The ideal requirements that some of these prefer, lead me to conflicts with my culture.
For example, a Miltoniopsis is a cooler growing orchid. It likes 72-75 degrees maximum daytime temperature. They typically do well grown on the moist side with 52-58 degrees at night. It is not that they won’t bloom if grown warmer, but they might not be as floriferousness if grown warm.
Conversely so many Catasetums grow much better by growing warm. I lived for 9 years in Florida from 2009 to 2018. Catasetums loved the warmth, 83-87 days with 64-67 degrees at night. They loved 4-5 hours of good sunlight every day but they need to be protected from the intense sun of the mid days in South Florida. They loved lots of water and are known to be heavy feeders and could take weekly feedings at half strength.
In a nutshell, you can try to grow everything but those that will grow the best and flower the best are those that find the conditions that you provide to be ideal.
In other words you could specialize in warm growers or cool growers or even intermediate growers. But trying to grow things all universally in the same conditions might work. But perhaps what you may want to give some thought to is, do I try to grow everything so-so, OR, do I want to grow everything well?
Yes I agree 100% with what you are saying, however my house has kind of a situation where I can grow a mixture of things.
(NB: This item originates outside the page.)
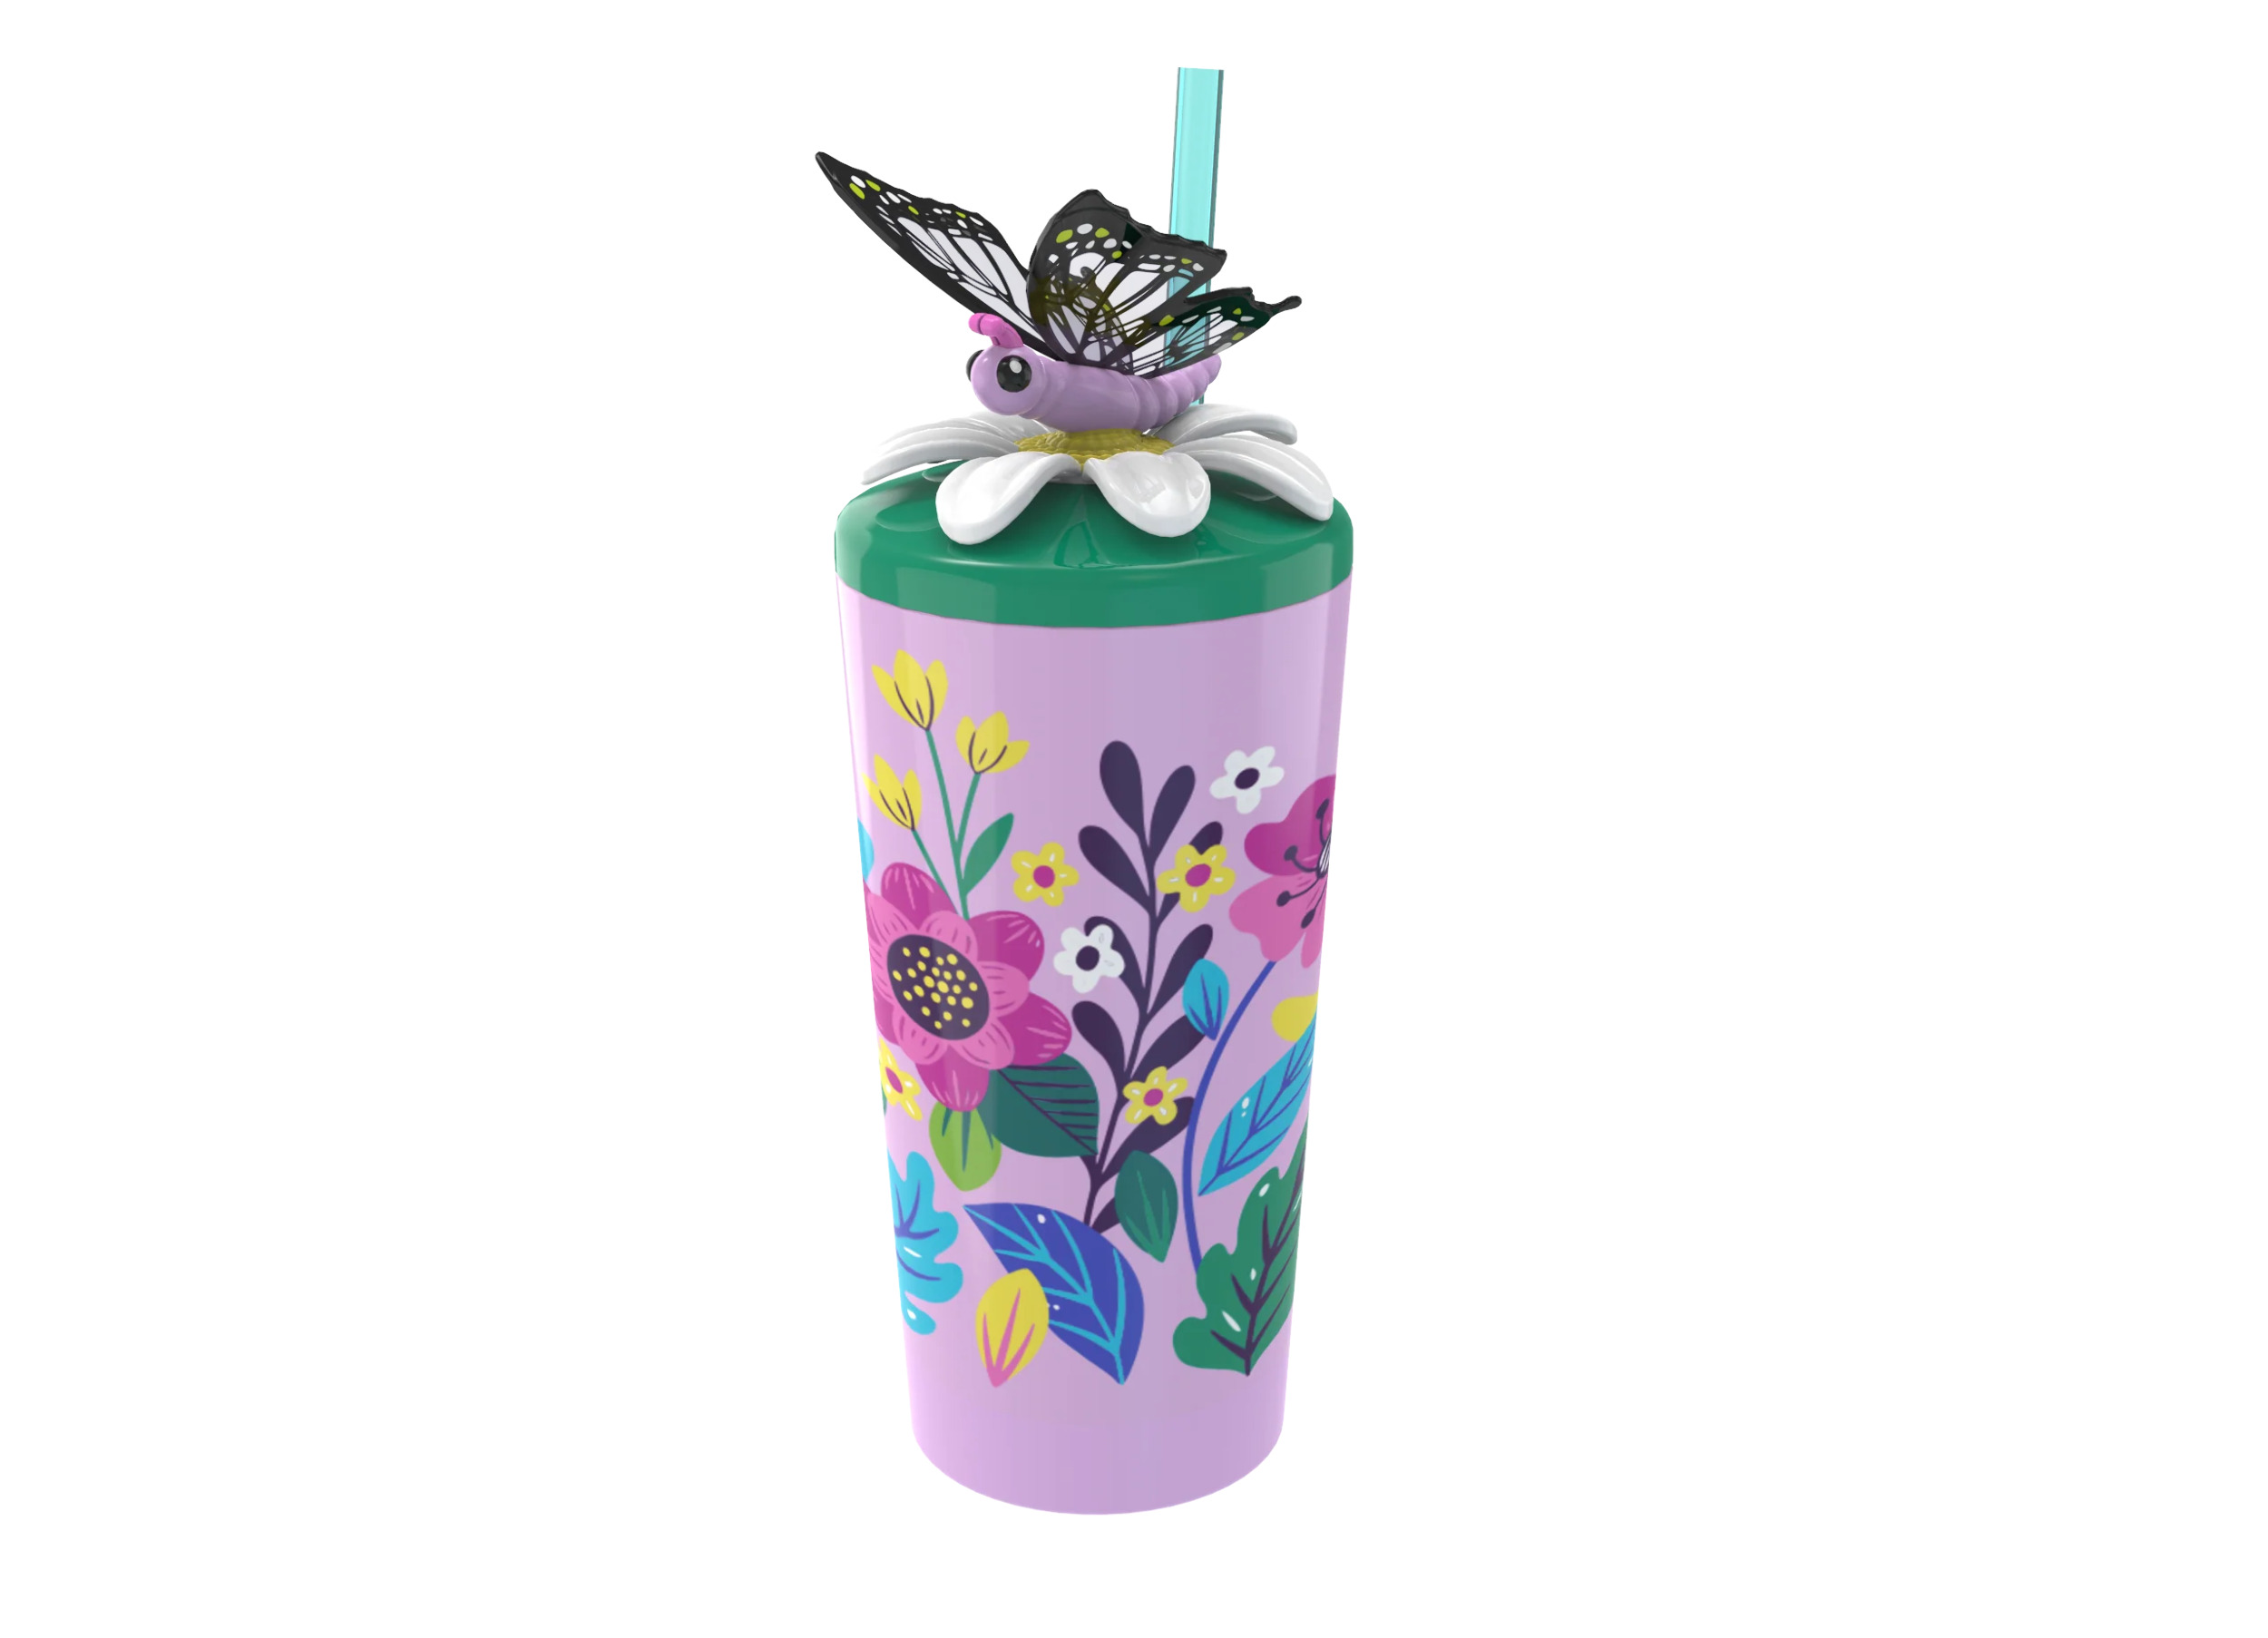 Cool Gear 4-Pack 18 oz Fun Toppers Butterfly Character Lid Tumblers with straw included | Durable, Reusable Water Bottle Gift for Kids, Adults - image 5 of 5

I have learned that the spare bathroom if I keep the door shut the central heat and air causes that room to be extremely chilly compared to the rest of the house (in the summer if the vent is open it freezes you and in the winter if you close the vent it doesn't get too warm either) so I built a light cart in that room and keep my cool growers there. On the other side of the spectrum my den is on the opposite spectrum and stays warmer (has a lot of windows and is south facing so stays warmer that the rest of the house) so I grow the warm growers there. Even with that being said it may not be cool enough for the Mil. but I had never tried one so thought I would experiment with a young plant and see how it does.